Профессор Челленджер ответил утвердительно.
Далее мистер Саммерли осведомился, каким это образом профессору Челленджеру удалось сделать новое открытие в местах, обследованных Уоллесом, Бейтсом и другими учеными, пользующимися вполне заслуженной известностью.
Профессор Челленджер ответил на это, что мистер Саммерли, по-видимому, спутал Амазонку с Темзой. Амазонка гораздо больше Темзы, и если мистеру Саммерли угодно знать, река Амазонка и соединяющаяся с ней притоком река Ориноко покрывают в общей сложности площадь в пятьдесят тысяч квадратных миль. Поэтому нет ничего удивительного, если на таком огромном пространстве один исследователь обнаружит то, чего не могли заметить его предшественники.
Мистер Саммерли возразил с кислой улыбкой, что ему хорошо известна разница между Темзой и Амазонкой, заключающаяся в том, что любое утверждение касательно первой легко можно проверить, чего нельзя сказать о второй. Он был бы премного обязан профессору Челленджеру, если б тот указал, под какими градусами широты и долготы лежит та местность, где обретаются доисторические животные.

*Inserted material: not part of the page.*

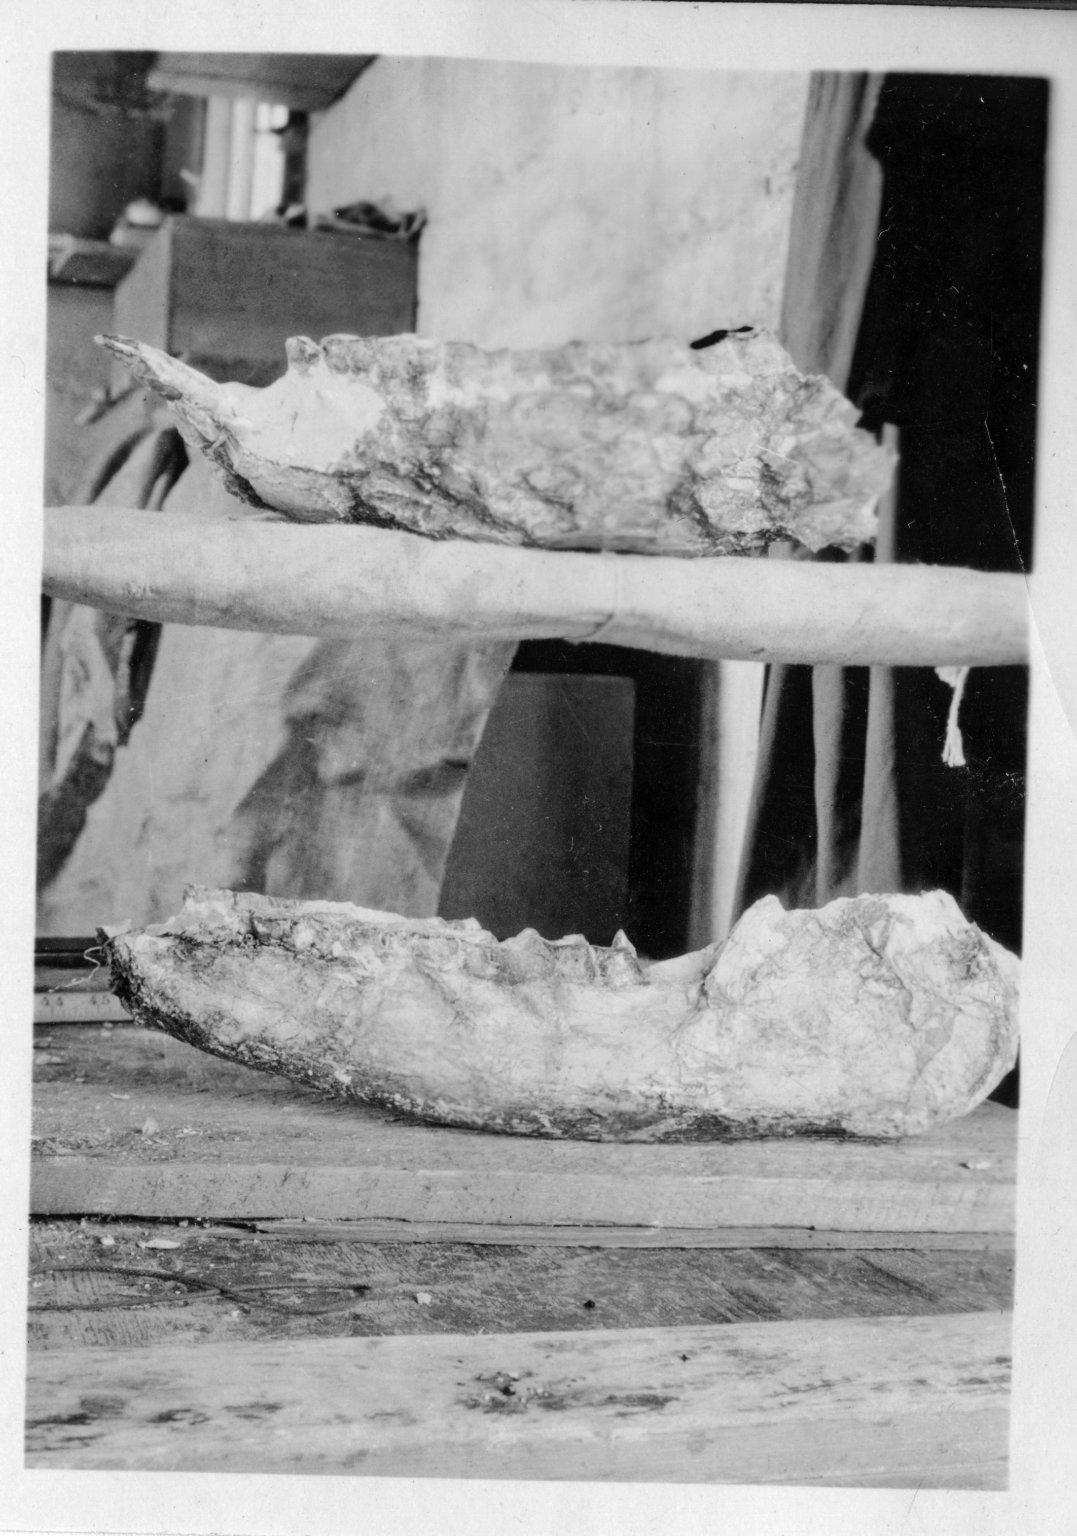 Jawbone Fossil, Horsetail Creek Excavation

Профессор Челленджер ответил, что до сих пор он воздерживался от сообщения подобных сведений, имея на это веские основания, но сейчас — конечно, с некоторыми оговорками — он готов представить их комиссии, избранной аудиторией. Может быть, мистер Саммерли согласен войти в эту комиссию и лично проверить правильность утверждения профессора Челленджера?
Мистер Саммерли. Да, согласен. (Бурные аплодисменты.)

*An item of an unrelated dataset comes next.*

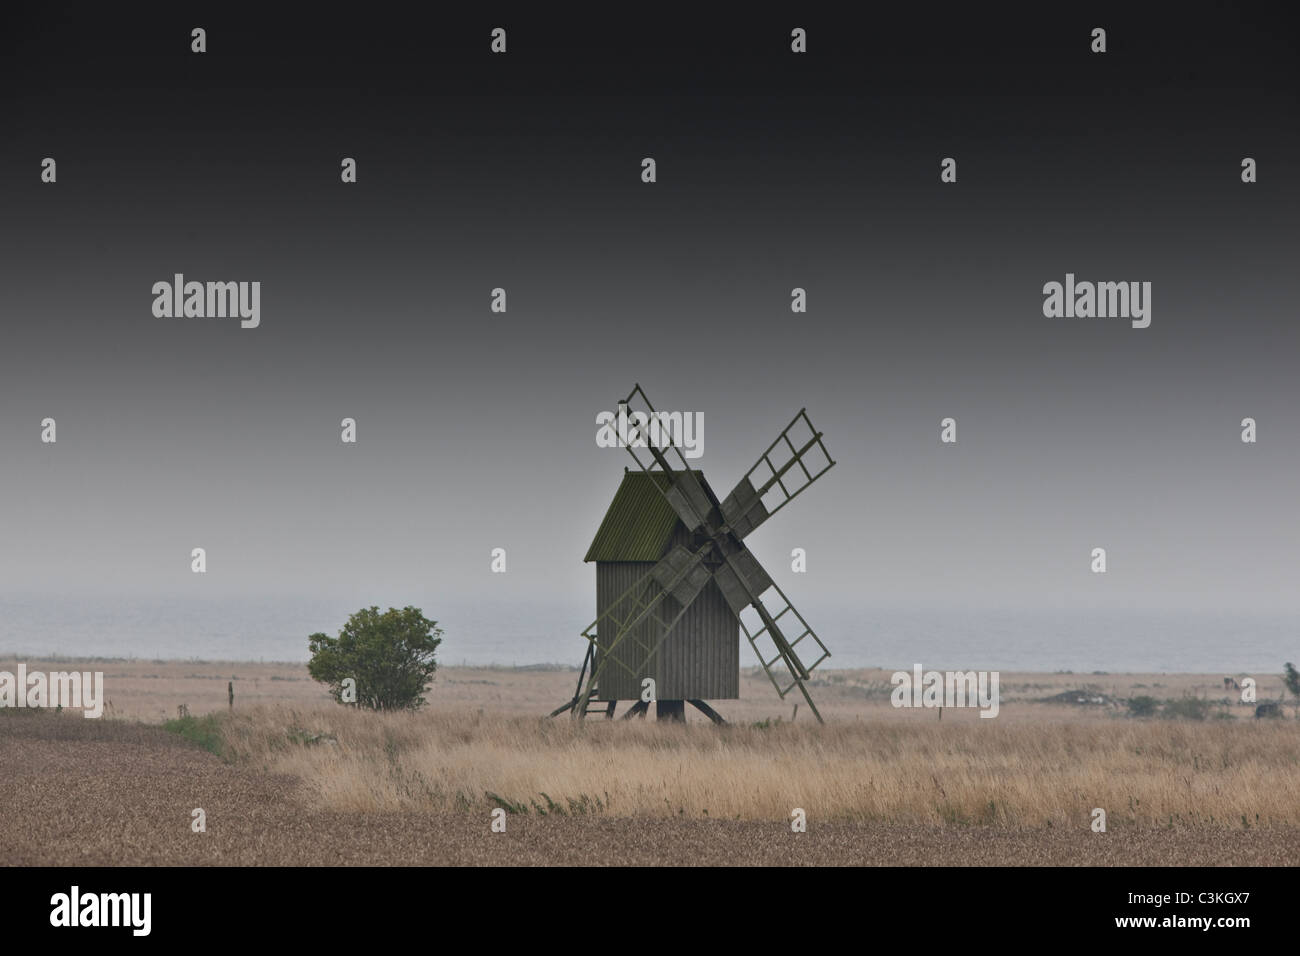 Old windmill on farm - Stock Image

Профессор Челленджер. Тогда я обязуюсь представить все необходимые сведения, которые помогут вам добраться до места. Но, поскольку мистер Саммерли намерен проверять меня, я считаю справедливым, чтобы его тоже кто-нибудь проверял. Не скрою от вас, что путешествие будет сопряжено со многими трудностями и опасностями. Мистеру Саммерли необходим спутник помоложе. Может быть, желающие найдутся здесь в зале?

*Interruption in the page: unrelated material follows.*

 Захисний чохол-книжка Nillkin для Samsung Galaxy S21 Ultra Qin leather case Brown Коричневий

Вот так нежданно-негаданно наступает перелом в жизни человека! Мог ли я подумать, входя в этот зал, что я стою на пороге самых невероятных приключений, таких, которые мне даже не мерещились! Но Глэдис! Разве не об этом она говорила? Глэдис благословила бы меня на такой подвиг. Я вскочил с места. Слова сами собой сорвались у меня с языка. Мой сосед Тарп Генри тянул меня за пиджак и шептал:
— Сядьте, Мелоун! Не стройте из себя дурака при всем честном народе!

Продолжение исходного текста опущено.